*** Opening of Recorded data ***
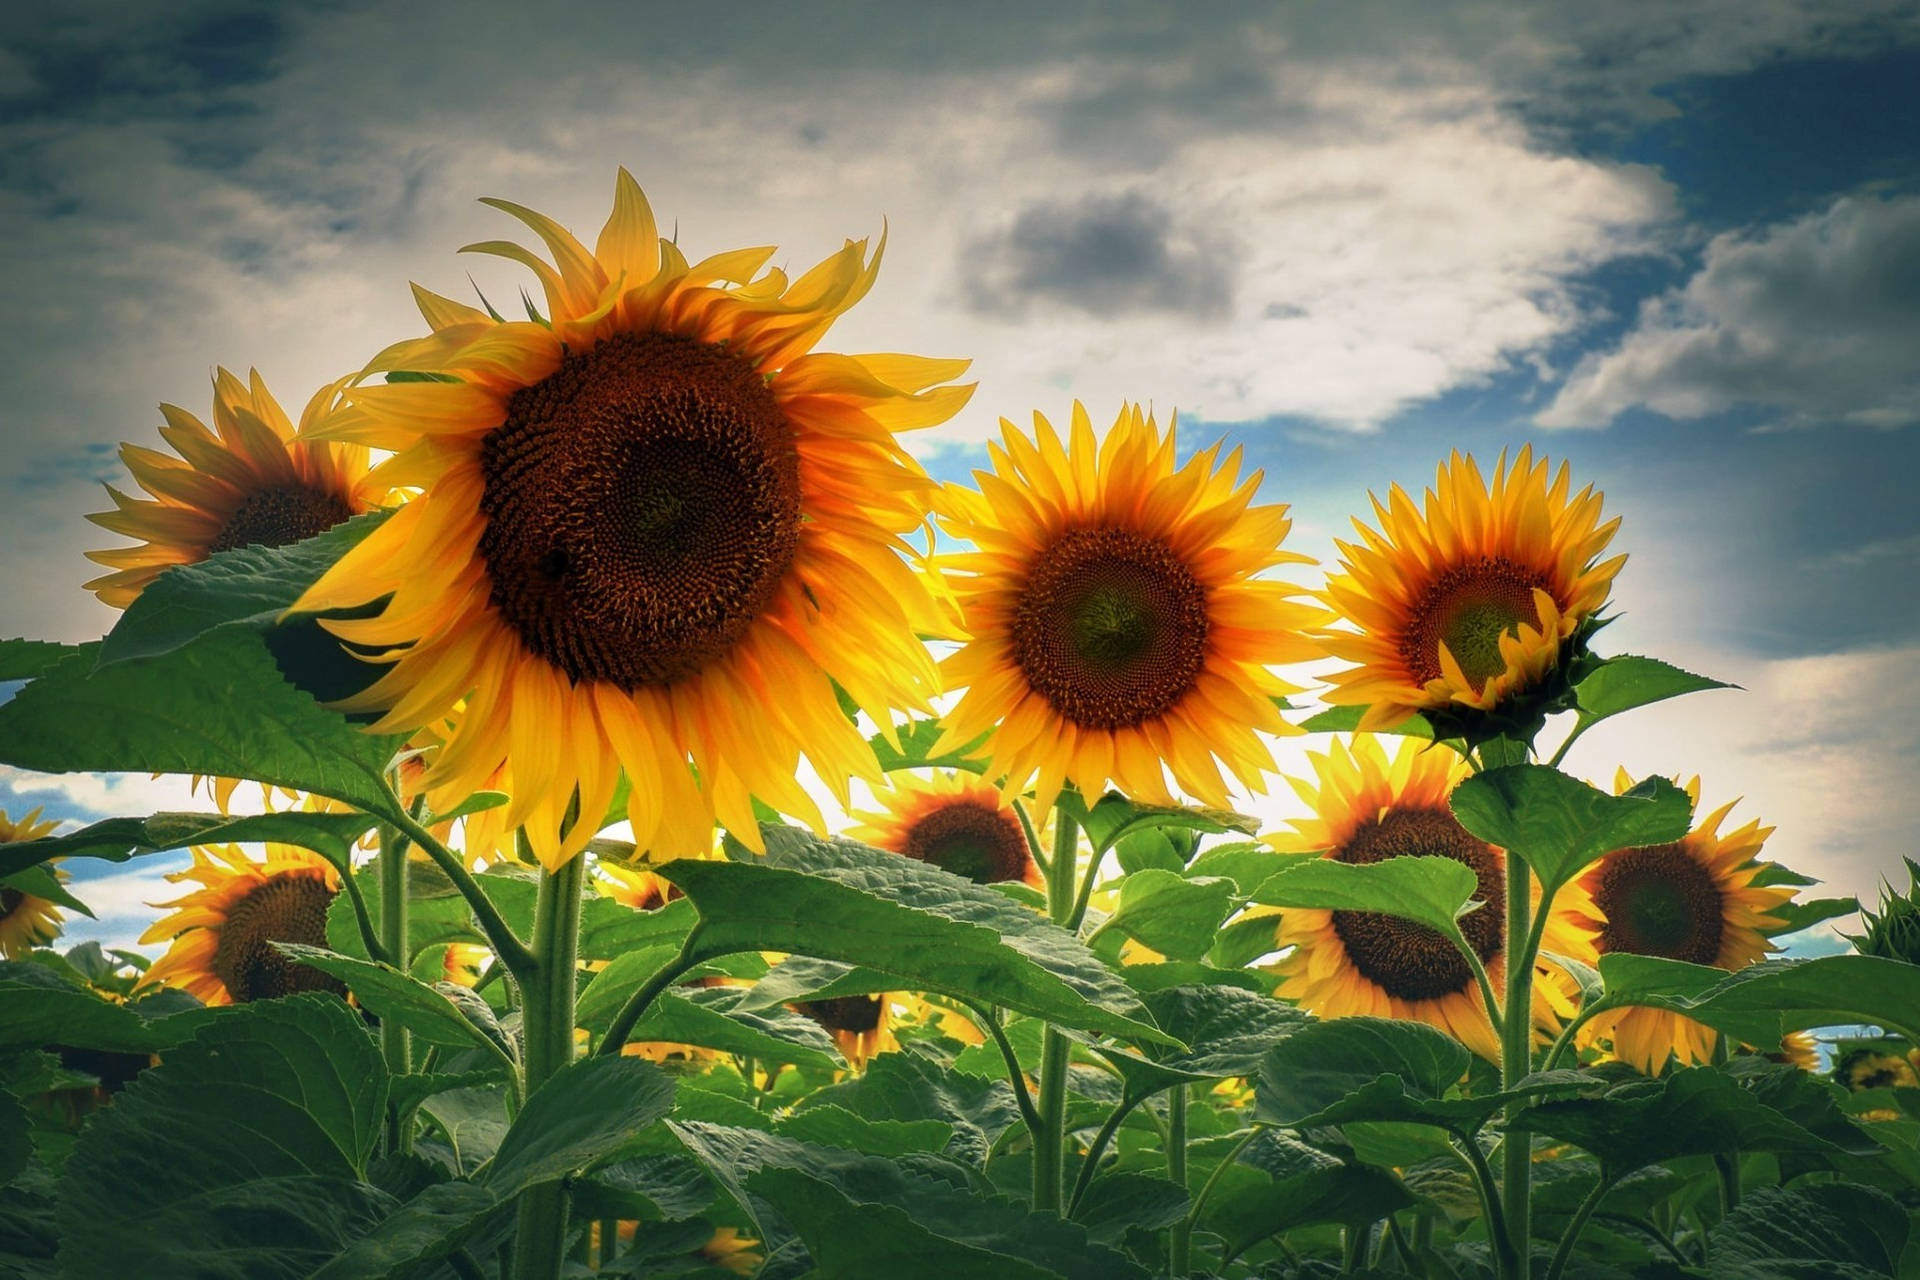 A desktop wallpaper of a beautiful sunflower Wallpaper
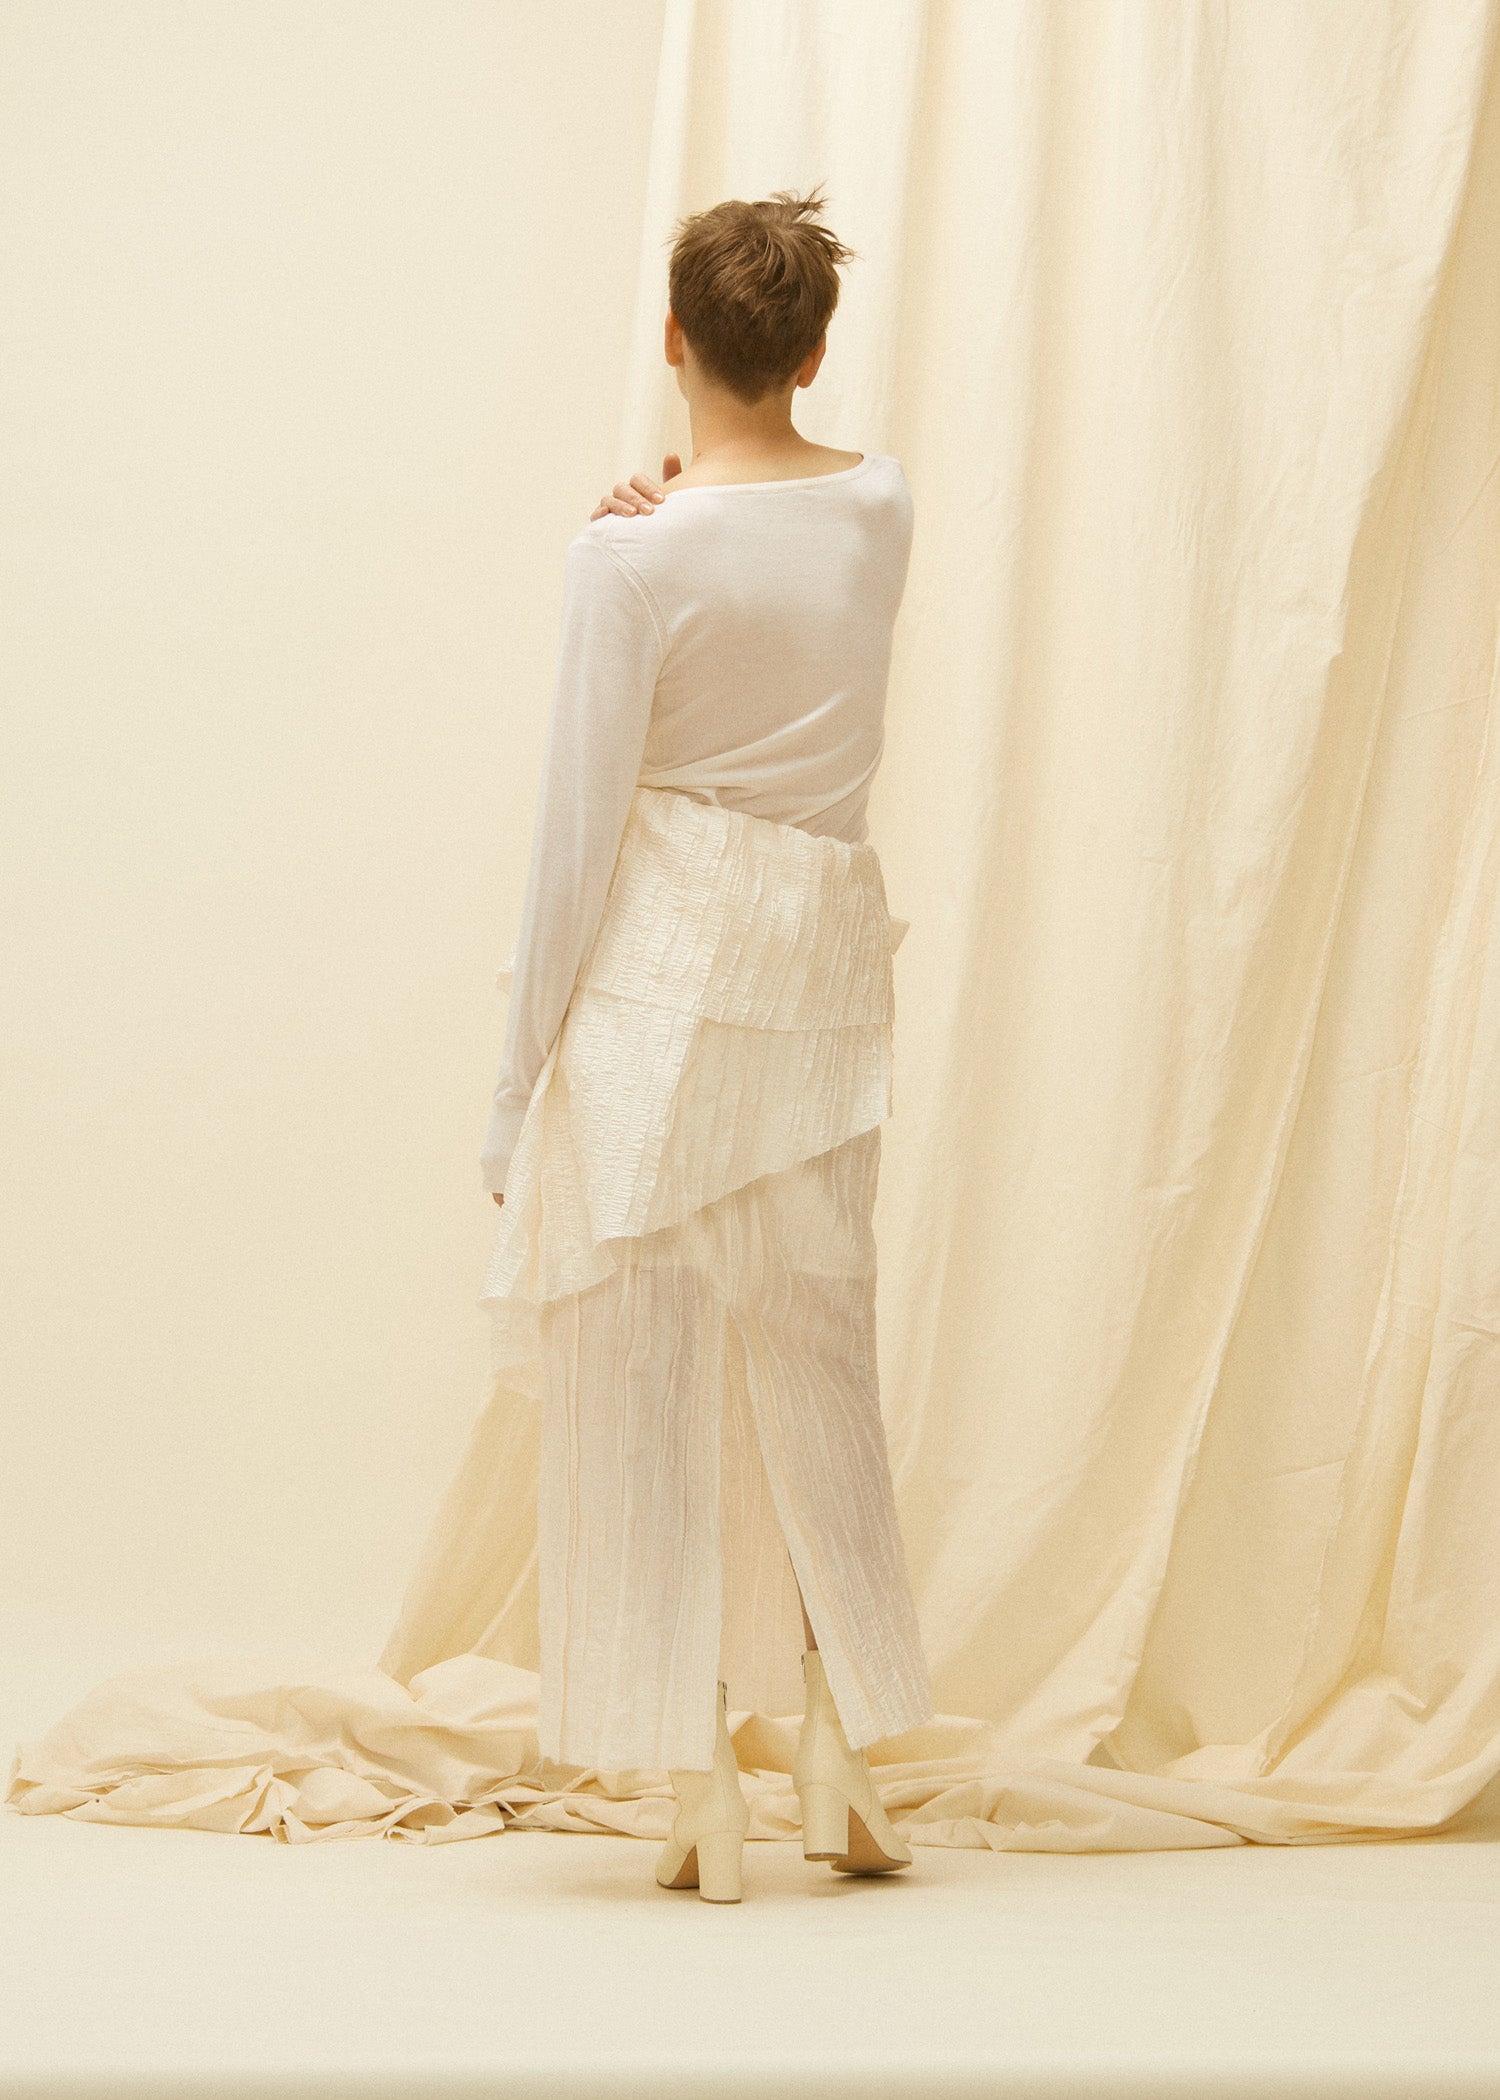 【Pre Order】Layer long skirt
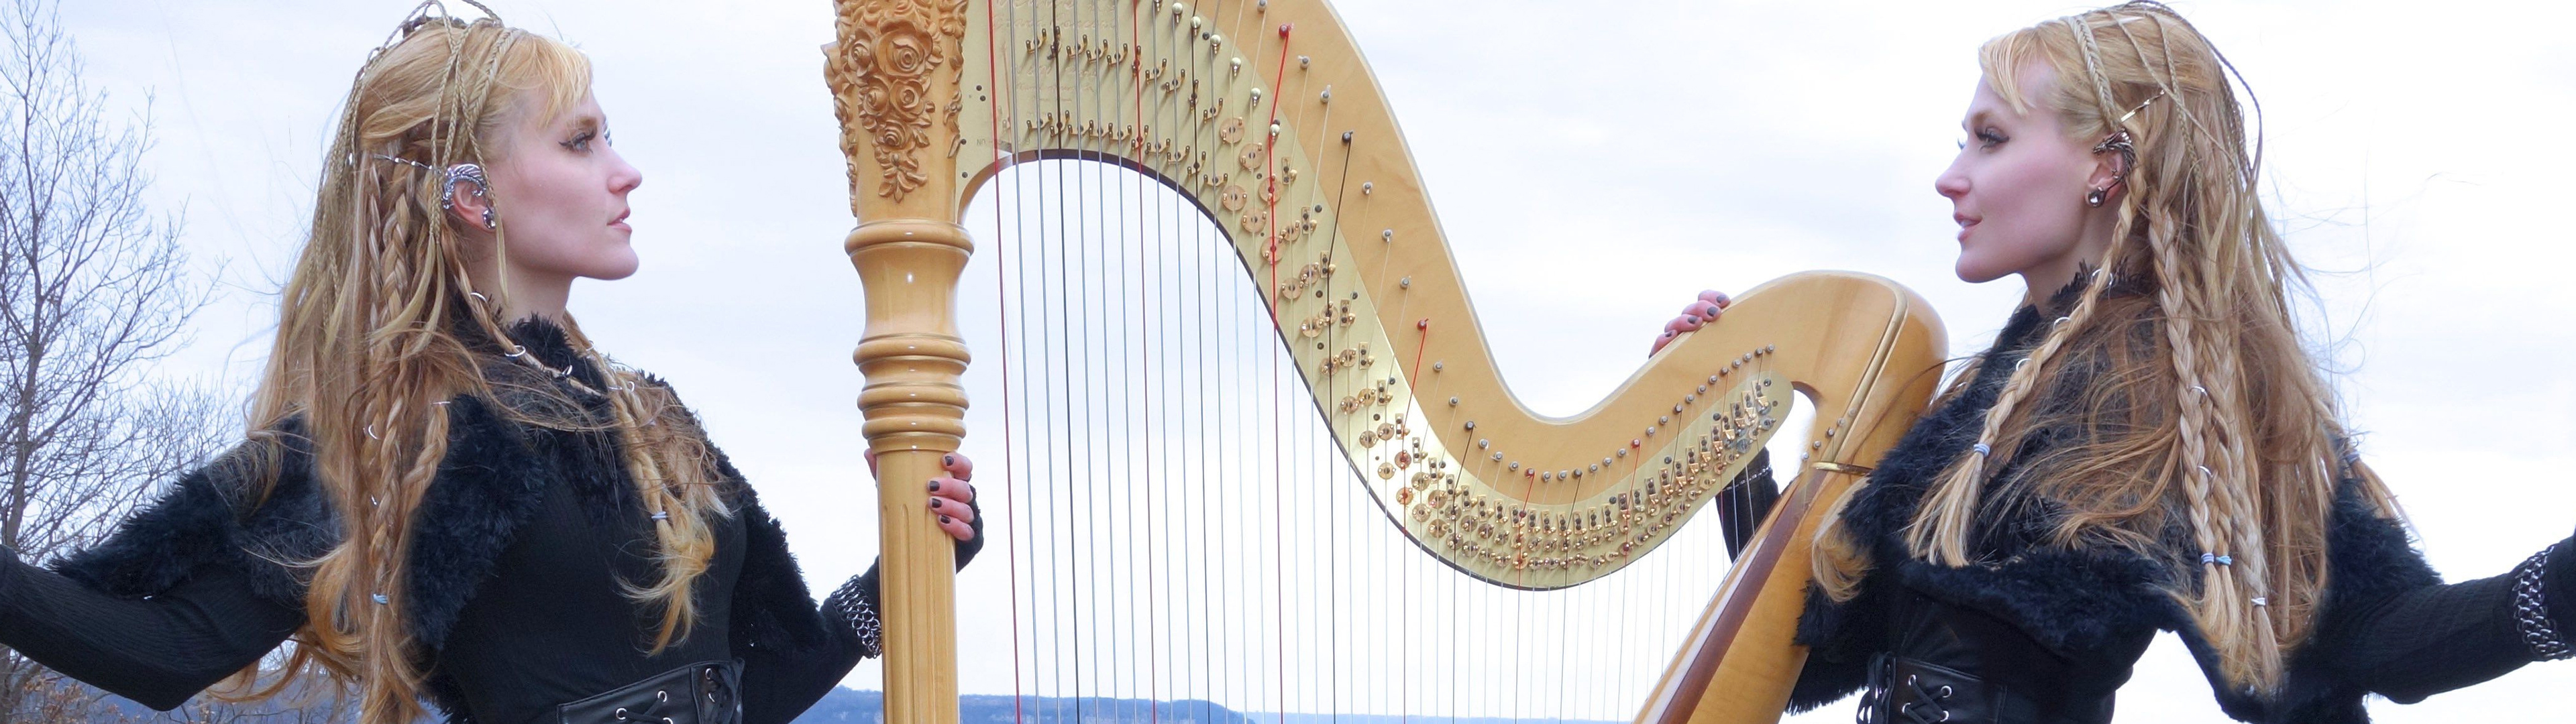 People 3840x1080 Harp Twins women musician twins blonde harp
*** Close of Recorded data ***
Assignment :: Every line above should be reproduced exactly, please, with no pictures included.

Response to this exercise ::
 A desktop wallpaper of a beautiful sunflower Wallpaper
 【Pre Order】Layer long skirt
 People 3840x1080 Harp Twins women musician twins blonde harp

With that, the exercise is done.